А к вечеру Вадим устал, побледнел. Встревожилась бабка Палага, в сердцах прикрикнула на командира: зачем разговаривает, больному волю к ослушанию дает?

— Спи, спи, сынок! — приказала она Вадиму и зевнула сладко. — Мне самой поспать охота! Вот сдам дежурство Аленушке Смирновой — мы ведь с ней поочередно ночи около тебя высиживаем, — узнаешь, как своевольничать: не разрешит головы от подушки поднять. Женщина сурьезная, требоваит от больных: «По струнке ходите, я вам!..» Аленушка строга! Ни в чем суперечки не терпит, — пугала бабка. — Я, старая грешница, и засну чуток около тебя, сомлею, а она ночь сидит как вкопанная, не шелохнется, глаз не спустит. Через Аленушкины руки сколько болявых-то прошло!..

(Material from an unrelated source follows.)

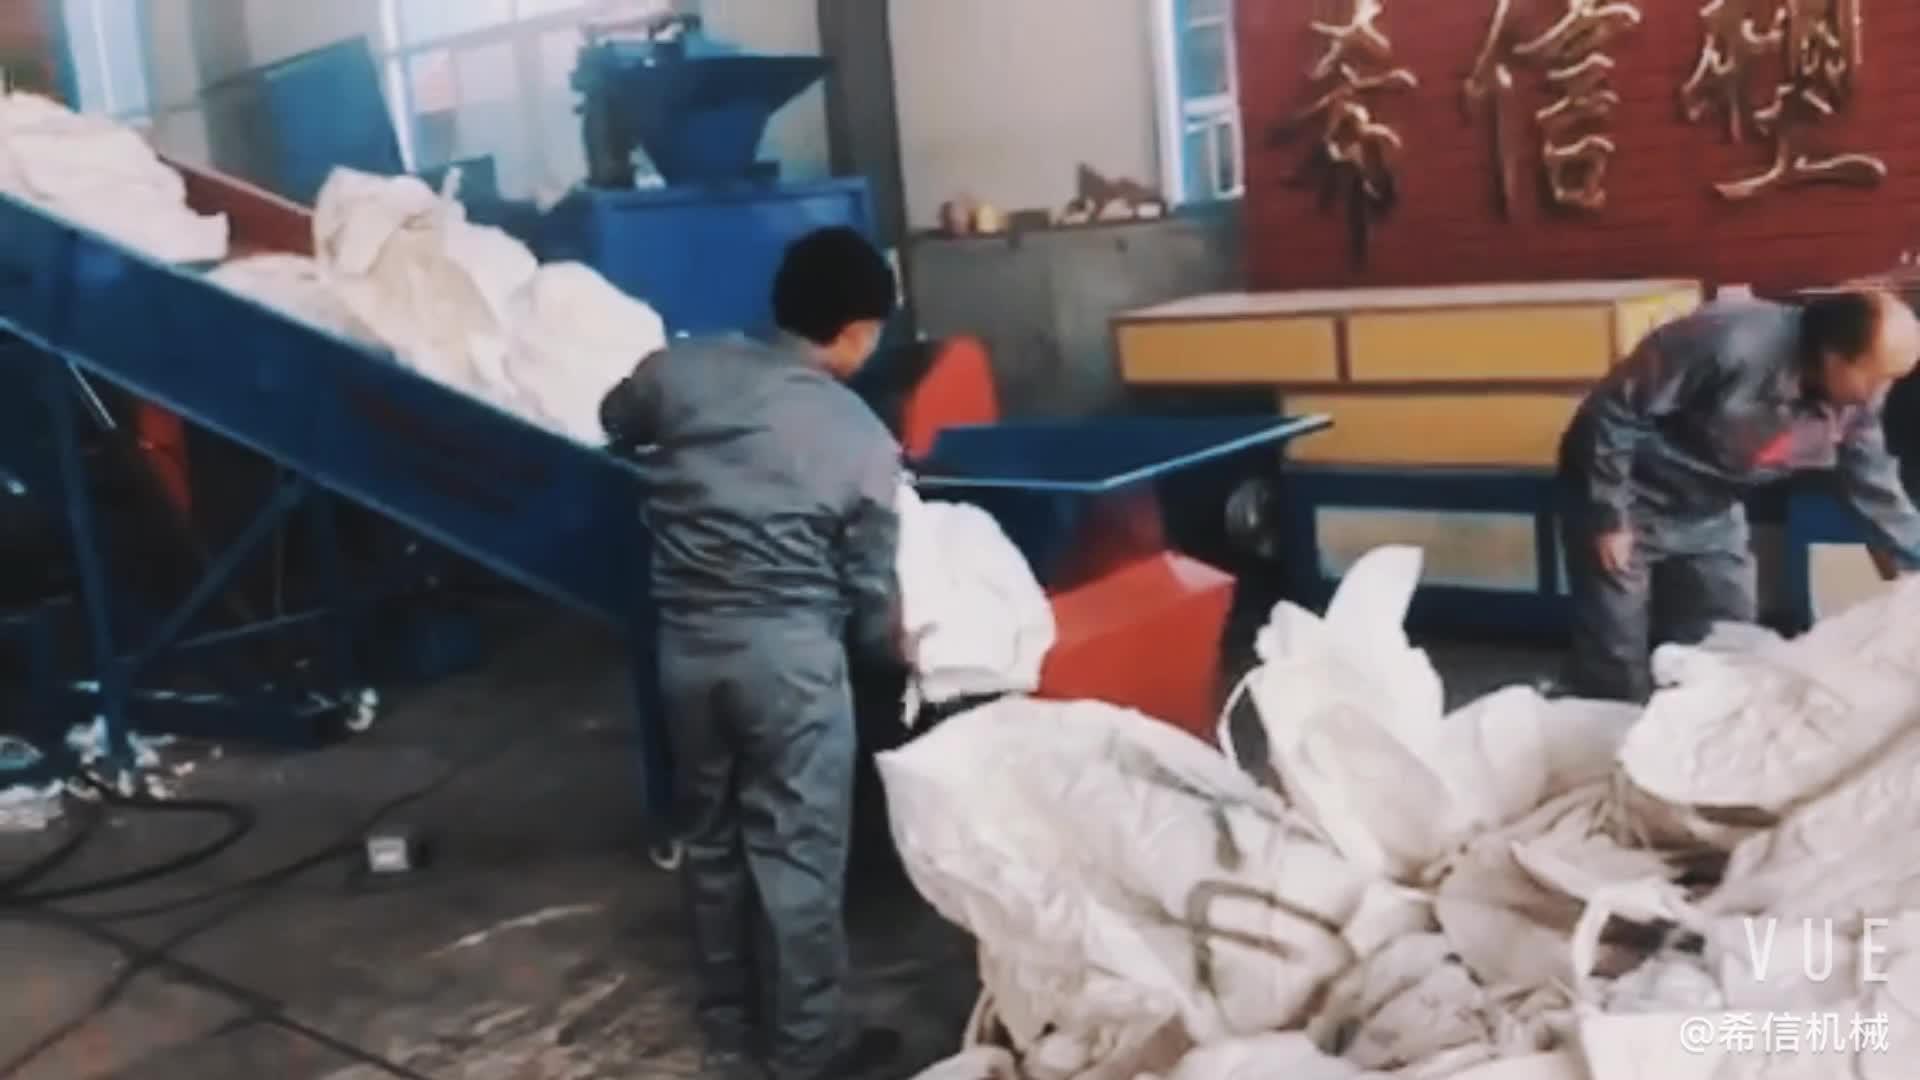 Промышленная Пластиковая дробилка машина, пластиковая переработка гранулировщик машина, Шредер машина для пластиковых мешков распродажа

«Аленушка Смирнова!» И Вадим ухнул в тяжелый, горячечный сон. С этим он проснулся ночью. Лампа приглушена. Спят. На табуретке — вот тут, рядом, протяни руку и коснешься! — сидит женщина в белом платке, из-под которого выглядывают золотые кудри.

«Аленушка Смирнова!» И опять то ли сон, то ли забытье?

И так — через ночь: когда дежурила Смирнова, притворялся спящим, из-под прищуренных век смотрел — смотрел! — на белое овальное лицо, отросшие до плеч золотые волосы, вьющиеся кольцами. Она сидела спиной к свету, ее глаза тонули в полумраке землянки. Спит? Бодрствует?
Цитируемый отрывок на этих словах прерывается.